Friday, April 13, 2012

Life and Writing Lessons from the Titanic by Cathy Gohlike

The Titanic and the stories associated with the ship have fascinated people since its sinking. But have you ever applied what happened on that disastrous night to your own life? Enjoy this thought-provoking article by author Cathy Gohlike. Be challenged and encouraged.
~ Dawn

Life and Writing Lessons from the Titanic
by Cathy Gohlike

In two days the world will commemorate the 100th anniversary of the sinking of Titanic. In the months leading to this we’ve been mesmerized by the re-release of James Cameron’s film “Titanic,” now in 3-D version. We’ve watched documentaries and dramas (old and new), witnessed the opening of countless musicals and the release of a number of books (fiction and nonfiction) highlighting every possible connection to the ship and her famous, and sometimes infamous, passengers and crew. And, still, we crave more. What is it about Titanic that haunts us so, and what can we, particularly as writers, take away from the tragedy?

Surely we’re fascinated with the Edwardian era—so unlike our own. We wonder why Titanic sank and if that foundering could have been avoided, if the passengers and crew aboard her could have been saved. We still debate why so many from first and so few from third class were given seats in lifeboats, and what those frightening last minutes were like for each of them.

But I wonder, might it be that we ask what we would have done that fateful night? Would we have sacrificially stepped aside and offered another our seat in the lifeboat? Would we have gladly, thankfully taken a seat offered us, or would we have ostentatiously stepped aside only to sneak into an overcrowded lifeboat at the last possible moment, forever lamenting our cowardice?

I think that question haunts us most. Few of us will ever be called upon to make such a decision, such a choice, in such a moment.

And yet, each day, we are offered the choice of how we will use our time, energy, finances and gifts. As Christians we know we’ve been called to be salt and light in the world. As writers we know we’ve been gifted with the power of story, the ability to paint in words a portrait of fierce struggle with conflict to the point of climax, and finally offer a resolution that makes better sense of the world through the telling of our tale.

We can use our gifts to tell any kind of story, relate any kind of tale for any purpose. But, if we use our gifts of writing to point to and glorify the Creator who gave them and to be salt and light to a dying world, it changes everything we think, everything we purpose, and everything we write.

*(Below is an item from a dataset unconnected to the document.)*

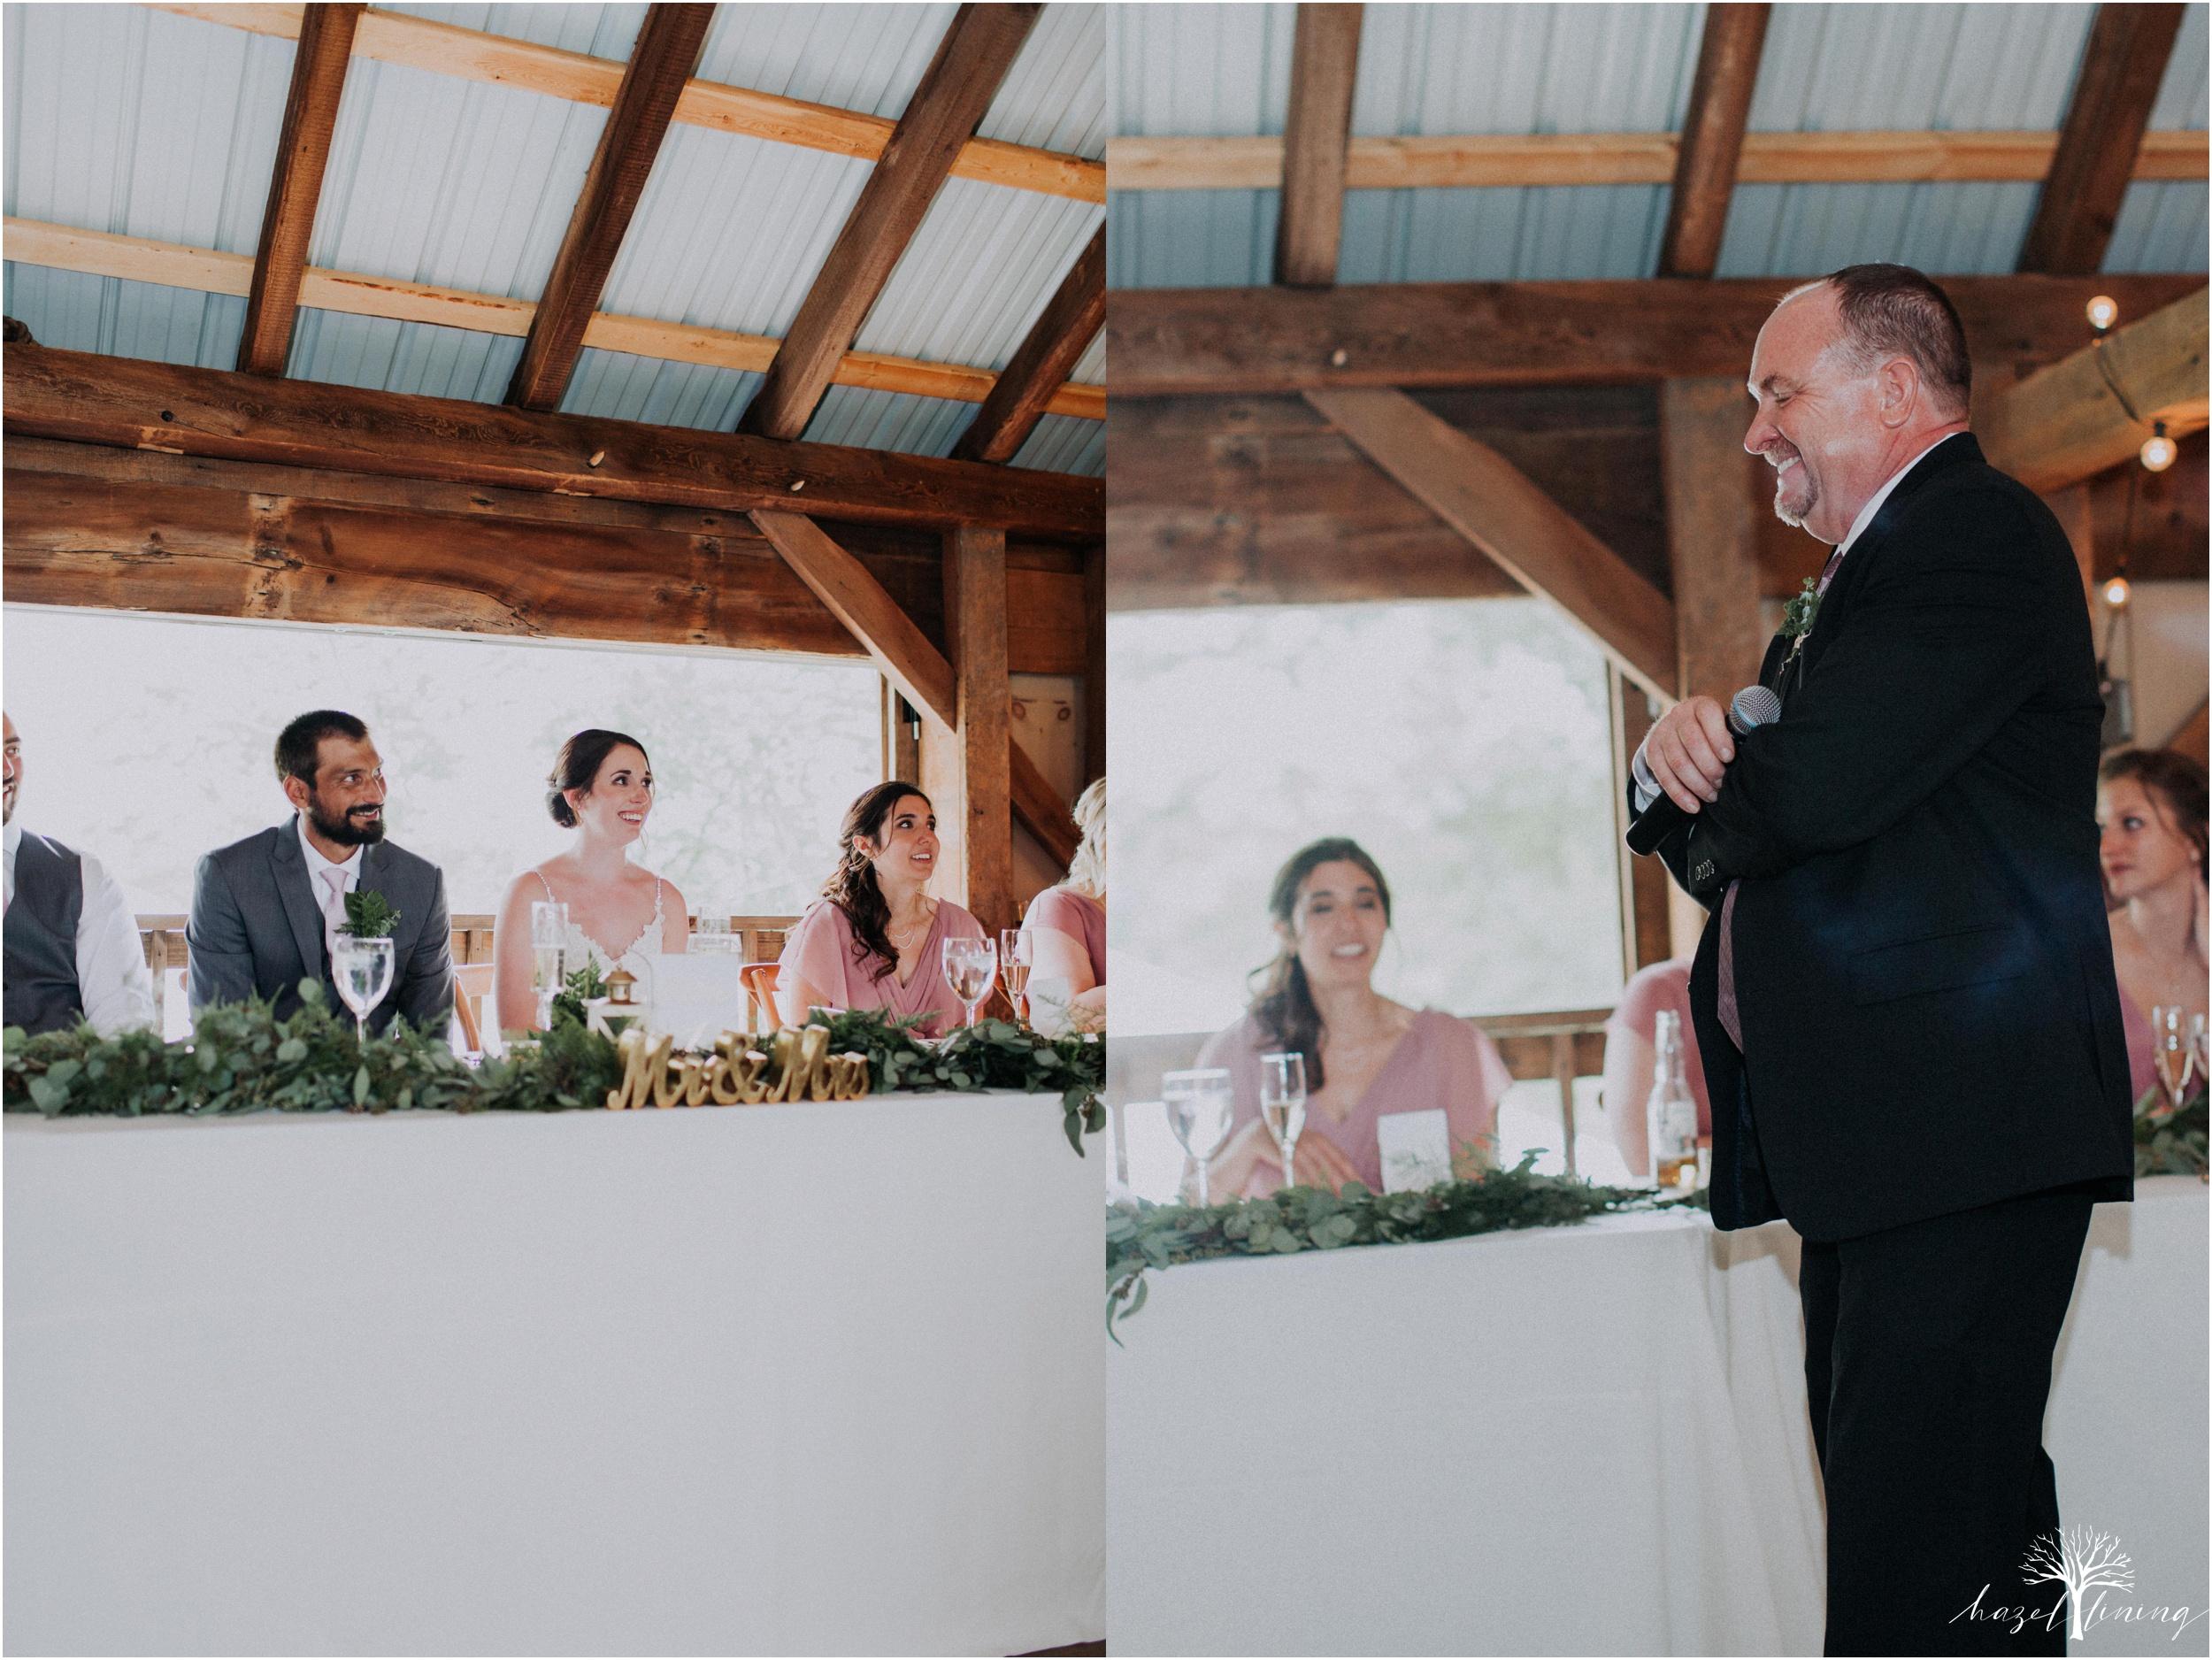 hazel-lining-travel-wedding-elopement-photography-lisa-landon-shoemaker-the-farm-bakery-and-events-bucks-county-quakertown-pennsylvania-summer-country-outdoor-farm-wedding_0120.jpg

Writing is our opportunity to provide a lifeline to others, a lifeboat in the midst of a dark sea. Not that we save others through our words—but we are privileged to be a vehicle to help transport, and a shining light to make the journey clearer for readers on their way to the One Who saves. For those who already walk beside Him, we can provide the encouragement and comfort of like-minded companions—the reminder that neither they, nor we, walk alone.

As writers, what greater calling could we have? For writers, what greater lesson could there be?

Cathy Gohlke is the two-time Christy Award-winning author of William Henry is a Fine Name and I Have Seen Him in the Watchfires. Her second novel also won the Carol Award and was chosen by Library Journal as one of the Best Books of 2008. Promise Me This is available now and Band of Sisters will release September 2012 from Tyndale House Publishers. Cathy, her husband, and dog, Reilly, live on the banks of the Laurel Run in Elkton, Maryland.

To find out more about Cathy and her books, please visit:


  1. What powerful imagery you've used here. It struck me to my core.

    I think the Titanic is such a popular theme, not only because of it's setting and the juxtaposition of the squalor of third class against the luxury of first class, but also because it is a metaphor for our lives, as you said. Arrogant man (who in his prime cannot be sunk) verses God and life (in the form of an iceberg).

    When you compared the resulting action -- or inaction -- of the passengers to us, as Christian writers, it touched a nerve. Does my writing glorify God? Does it show the way to hope and seek to rescue a dying world?

    Wow. You got me. Thanks so much for writing this, Cathy!

  2. God's blessings on your writing, Angela! You've captured the vision!

  3. This was a very thought provoking post. Thanks, Cathy, for challenging us to write stories that have an impact on our world. I loved Promise Me This and believe it is that kind of book - powerful and having a great impact for the Lord.